- Exercise prompt:
Lines after the one containing "Reloj Casio digital" are to be omitted; print exactly each line from the start of the records up to and including it.

*** Opening Supplied entries ***

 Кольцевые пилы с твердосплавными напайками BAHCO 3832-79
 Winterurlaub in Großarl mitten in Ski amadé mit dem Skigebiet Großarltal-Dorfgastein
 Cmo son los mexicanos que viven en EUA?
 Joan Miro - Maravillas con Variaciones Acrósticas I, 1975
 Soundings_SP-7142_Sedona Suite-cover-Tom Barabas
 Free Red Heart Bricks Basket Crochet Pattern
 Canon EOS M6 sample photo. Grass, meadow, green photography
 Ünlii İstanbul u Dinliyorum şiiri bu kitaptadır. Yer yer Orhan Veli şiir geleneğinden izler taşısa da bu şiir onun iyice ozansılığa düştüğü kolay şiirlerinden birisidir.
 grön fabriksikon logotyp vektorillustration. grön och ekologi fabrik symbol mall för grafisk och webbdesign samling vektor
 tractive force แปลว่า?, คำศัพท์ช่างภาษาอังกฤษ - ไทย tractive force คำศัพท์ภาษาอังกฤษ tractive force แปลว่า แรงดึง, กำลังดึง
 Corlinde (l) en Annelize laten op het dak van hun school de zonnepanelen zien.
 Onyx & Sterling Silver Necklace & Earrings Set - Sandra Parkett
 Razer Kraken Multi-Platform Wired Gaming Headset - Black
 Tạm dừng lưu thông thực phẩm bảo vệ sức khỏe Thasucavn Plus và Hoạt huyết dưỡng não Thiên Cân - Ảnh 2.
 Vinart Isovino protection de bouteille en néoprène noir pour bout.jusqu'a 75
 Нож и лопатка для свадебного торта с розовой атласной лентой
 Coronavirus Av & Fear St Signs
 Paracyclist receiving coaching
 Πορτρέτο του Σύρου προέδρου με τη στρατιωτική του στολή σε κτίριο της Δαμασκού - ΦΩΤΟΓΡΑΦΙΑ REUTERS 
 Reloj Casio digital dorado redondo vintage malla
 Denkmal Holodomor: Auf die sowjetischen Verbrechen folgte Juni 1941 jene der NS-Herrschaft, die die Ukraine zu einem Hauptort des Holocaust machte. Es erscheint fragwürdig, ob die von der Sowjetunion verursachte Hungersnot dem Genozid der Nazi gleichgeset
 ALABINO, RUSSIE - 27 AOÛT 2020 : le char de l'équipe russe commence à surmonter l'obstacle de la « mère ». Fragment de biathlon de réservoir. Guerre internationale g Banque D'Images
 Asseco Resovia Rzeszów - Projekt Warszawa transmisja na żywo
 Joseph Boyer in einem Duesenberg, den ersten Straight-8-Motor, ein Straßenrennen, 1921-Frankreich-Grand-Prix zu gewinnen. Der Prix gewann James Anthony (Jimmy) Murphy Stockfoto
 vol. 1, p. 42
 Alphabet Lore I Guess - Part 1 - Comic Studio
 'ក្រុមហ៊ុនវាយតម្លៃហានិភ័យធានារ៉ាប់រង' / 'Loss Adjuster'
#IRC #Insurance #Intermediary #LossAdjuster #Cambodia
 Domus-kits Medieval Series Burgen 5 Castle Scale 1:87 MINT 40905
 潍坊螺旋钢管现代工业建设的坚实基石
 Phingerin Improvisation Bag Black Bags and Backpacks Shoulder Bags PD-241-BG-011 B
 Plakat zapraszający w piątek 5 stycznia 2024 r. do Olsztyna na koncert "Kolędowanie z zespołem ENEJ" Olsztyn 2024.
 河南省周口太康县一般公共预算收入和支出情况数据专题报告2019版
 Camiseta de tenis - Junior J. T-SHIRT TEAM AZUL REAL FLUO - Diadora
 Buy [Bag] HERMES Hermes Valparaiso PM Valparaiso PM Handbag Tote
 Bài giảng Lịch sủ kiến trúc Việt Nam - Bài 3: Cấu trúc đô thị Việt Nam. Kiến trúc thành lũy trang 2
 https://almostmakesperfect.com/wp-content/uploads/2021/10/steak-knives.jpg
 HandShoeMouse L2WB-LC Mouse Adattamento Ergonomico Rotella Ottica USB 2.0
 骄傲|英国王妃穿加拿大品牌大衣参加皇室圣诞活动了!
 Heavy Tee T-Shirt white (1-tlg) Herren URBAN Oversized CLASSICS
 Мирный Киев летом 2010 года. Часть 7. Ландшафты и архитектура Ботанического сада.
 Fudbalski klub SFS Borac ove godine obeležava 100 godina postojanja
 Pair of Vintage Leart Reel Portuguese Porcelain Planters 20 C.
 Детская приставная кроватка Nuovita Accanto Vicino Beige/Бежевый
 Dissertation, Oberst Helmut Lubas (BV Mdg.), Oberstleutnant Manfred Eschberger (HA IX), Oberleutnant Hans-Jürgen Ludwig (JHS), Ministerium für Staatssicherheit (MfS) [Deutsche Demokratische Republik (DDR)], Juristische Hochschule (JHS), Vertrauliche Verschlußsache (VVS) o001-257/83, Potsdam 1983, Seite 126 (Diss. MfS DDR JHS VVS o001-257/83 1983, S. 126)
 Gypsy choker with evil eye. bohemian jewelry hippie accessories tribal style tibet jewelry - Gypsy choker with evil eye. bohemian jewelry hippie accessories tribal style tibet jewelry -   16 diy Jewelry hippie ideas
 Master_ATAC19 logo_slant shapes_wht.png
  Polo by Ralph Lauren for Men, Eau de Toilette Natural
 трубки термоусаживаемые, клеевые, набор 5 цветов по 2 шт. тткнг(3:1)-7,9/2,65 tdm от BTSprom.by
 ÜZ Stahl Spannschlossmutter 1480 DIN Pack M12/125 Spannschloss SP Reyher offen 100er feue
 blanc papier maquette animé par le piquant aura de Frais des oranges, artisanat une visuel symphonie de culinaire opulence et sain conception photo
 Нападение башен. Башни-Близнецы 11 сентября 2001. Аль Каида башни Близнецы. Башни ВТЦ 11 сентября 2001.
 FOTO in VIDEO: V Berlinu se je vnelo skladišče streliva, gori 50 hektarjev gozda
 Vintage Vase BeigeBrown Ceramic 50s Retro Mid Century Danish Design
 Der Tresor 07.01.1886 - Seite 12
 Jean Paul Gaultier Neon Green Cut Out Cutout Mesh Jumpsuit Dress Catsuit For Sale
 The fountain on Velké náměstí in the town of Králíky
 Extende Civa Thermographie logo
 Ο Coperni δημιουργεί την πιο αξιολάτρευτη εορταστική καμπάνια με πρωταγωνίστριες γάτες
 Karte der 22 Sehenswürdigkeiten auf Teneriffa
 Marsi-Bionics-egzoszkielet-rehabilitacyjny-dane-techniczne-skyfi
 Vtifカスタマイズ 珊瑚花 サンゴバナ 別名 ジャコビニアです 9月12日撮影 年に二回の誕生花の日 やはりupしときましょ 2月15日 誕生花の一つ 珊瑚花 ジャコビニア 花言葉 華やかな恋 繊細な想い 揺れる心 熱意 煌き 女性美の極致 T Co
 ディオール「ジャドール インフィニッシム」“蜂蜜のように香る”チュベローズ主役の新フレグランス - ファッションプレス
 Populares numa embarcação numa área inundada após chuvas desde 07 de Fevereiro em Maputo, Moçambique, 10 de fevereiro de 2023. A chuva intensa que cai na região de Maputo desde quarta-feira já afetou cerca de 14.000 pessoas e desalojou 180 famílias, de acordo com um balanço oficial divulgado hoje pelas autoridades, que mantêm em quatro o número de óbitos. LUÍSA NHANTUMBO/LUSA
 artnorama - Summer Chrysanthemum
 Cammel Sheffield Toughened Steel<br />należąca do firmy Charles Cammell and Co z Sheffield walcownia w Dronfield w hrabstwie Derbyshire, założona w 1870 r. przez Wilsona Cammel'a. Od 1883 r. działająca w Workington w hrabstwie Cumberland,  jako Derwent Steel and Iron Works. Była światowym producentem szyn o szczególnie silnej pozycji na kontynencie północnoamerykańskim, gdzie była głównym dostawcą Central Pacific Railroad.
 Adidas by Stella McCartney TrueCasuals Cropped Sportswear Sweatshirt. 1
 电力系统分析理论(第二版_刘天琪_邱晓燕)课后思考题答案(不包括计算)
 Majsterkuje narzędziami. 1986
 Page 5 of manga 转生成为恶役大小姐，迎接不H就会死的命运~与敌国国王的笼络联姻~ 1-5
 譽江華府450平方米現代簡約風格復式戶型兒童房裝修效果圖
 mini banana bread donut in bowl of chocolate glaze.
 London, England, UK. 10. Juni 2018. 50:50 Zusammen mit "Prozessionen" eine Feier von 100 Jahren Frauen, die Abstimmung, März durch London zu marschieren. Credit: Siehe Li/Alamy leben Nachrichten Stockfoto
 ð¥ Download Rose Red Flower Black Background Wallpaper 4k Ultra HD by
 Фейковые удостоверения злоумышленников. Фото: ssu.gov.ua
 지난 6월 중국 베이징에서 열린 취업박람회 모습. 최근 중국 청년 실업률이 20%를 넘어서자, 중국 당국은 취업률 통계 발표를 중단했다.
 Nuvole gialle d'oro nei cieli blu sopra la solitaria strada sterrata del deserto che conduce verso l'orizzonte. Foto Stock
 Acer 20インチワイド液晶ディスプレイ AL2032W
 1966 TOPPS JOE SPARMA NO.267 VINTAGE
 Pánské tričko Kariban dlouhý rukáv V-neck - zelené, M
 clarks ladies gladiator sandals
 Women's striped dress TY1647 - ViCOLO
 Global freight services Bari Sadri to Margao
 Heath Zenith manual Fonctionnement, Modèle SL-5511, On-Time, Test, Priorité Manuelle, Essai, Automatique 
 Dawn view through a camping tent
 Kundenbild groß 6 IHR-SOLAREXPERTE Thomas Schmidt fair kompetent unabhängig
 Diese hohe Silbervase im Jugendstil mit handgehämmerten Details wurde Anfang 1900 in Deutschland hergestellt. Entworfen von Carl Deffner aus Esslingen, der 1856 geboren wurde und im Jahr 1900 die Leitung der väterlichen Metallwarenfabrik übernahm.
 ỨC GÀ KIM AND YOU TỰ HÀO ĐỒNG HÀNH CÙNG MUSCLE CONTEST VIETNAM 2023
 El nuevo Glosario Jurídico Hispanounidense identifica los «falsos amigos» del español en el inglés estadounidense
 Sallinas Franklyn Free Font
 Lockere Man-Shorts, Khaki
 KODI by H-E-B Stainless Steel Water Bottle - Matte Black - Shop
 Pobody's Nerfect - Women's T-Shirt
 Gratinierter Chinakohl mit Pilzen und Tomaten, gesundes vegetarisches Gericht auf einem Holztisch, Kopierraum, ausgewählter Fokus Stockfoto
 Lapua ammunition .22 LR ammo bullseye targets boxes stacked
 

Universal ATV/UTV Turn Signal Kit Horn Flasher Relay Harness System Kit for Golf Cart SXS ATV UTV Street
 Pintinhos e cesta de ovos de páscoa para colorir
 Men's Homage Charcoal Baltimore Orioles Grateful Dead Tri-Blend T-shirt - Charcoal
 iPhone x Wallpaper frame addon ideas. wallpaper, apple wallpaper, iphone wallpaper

*** Closing Supplied entries ***

- Completed exercise:
 Кольцевые пилы с твердосплавными напайками BAHCO 3832-79
 Winterurlaub in Großarl mitten in Ski amadé mit dem Skigebiet Großarltal-Dorfgastein
 Cmo son los mexicanos que viven en EUA?
 Joan Miro - Maravillas con Variaciones Acrósticas I, 1975
 Soundings_SP-7142_Sedona Suite-cover-Tom Barabas
 Free Red Heart Bricks Basket Crochet Pattern
 Canon EOS M6 sample photo. Grass, meadow, green photography
 Ünlii İstanbul u Dinliyorum şiiri bu kitaptadır. Yer yer Orhan Veli şiir geleneğinden izler taşısa da bu şiir onun iyice ozansılığa düştüğü kolay şiirlerinden birisidir.
 grön fabriksikon logotyp vektorillustration. grön och ekologi fabrik symbol mall för grafisk och webbdesign samling vektor
 tractive force แปลว่า?, คำศัพท์ช่างภาษาอังกฤษ - ไทย tractive force คำศัพท์ภาษาอังกฤษ tractive force แปลว่า แรงดึง, กำลังดึง
 Corlinde (l) en Annelize laten op het dak van hun school de zonnepanelen zien.
 Onyx & Sterling Silver Necklace & Earrings Set - Sandra Parkett
 Razer Kraken Multi-Platform Wired Gaming Headset - Black
 Tạm dừng lưu thông thực phẩm bảo vệ sức khỏe Thasucavn Plus và Hoạt huyết dưỡng não Thiên Cân - Ảnh 2.
 Vinart Isovino protection de bouteille en néoprène noir pour bout.jusqu'a 75
 Нож и лопатка для свадебного торта с розовой атласной лентой
 Coronavirus Av & Fear St Signs
 Paracyclist receiving coaching
 Πορτρέτο του Σύρου προέδρου με τη στρατιωτική του στολή σε κτίριο της Δαμασκού - ΦΩΤΟΓΡΑΦΙΑ REUTERS 
 Reloj Casio digital dorado redondo vintage malla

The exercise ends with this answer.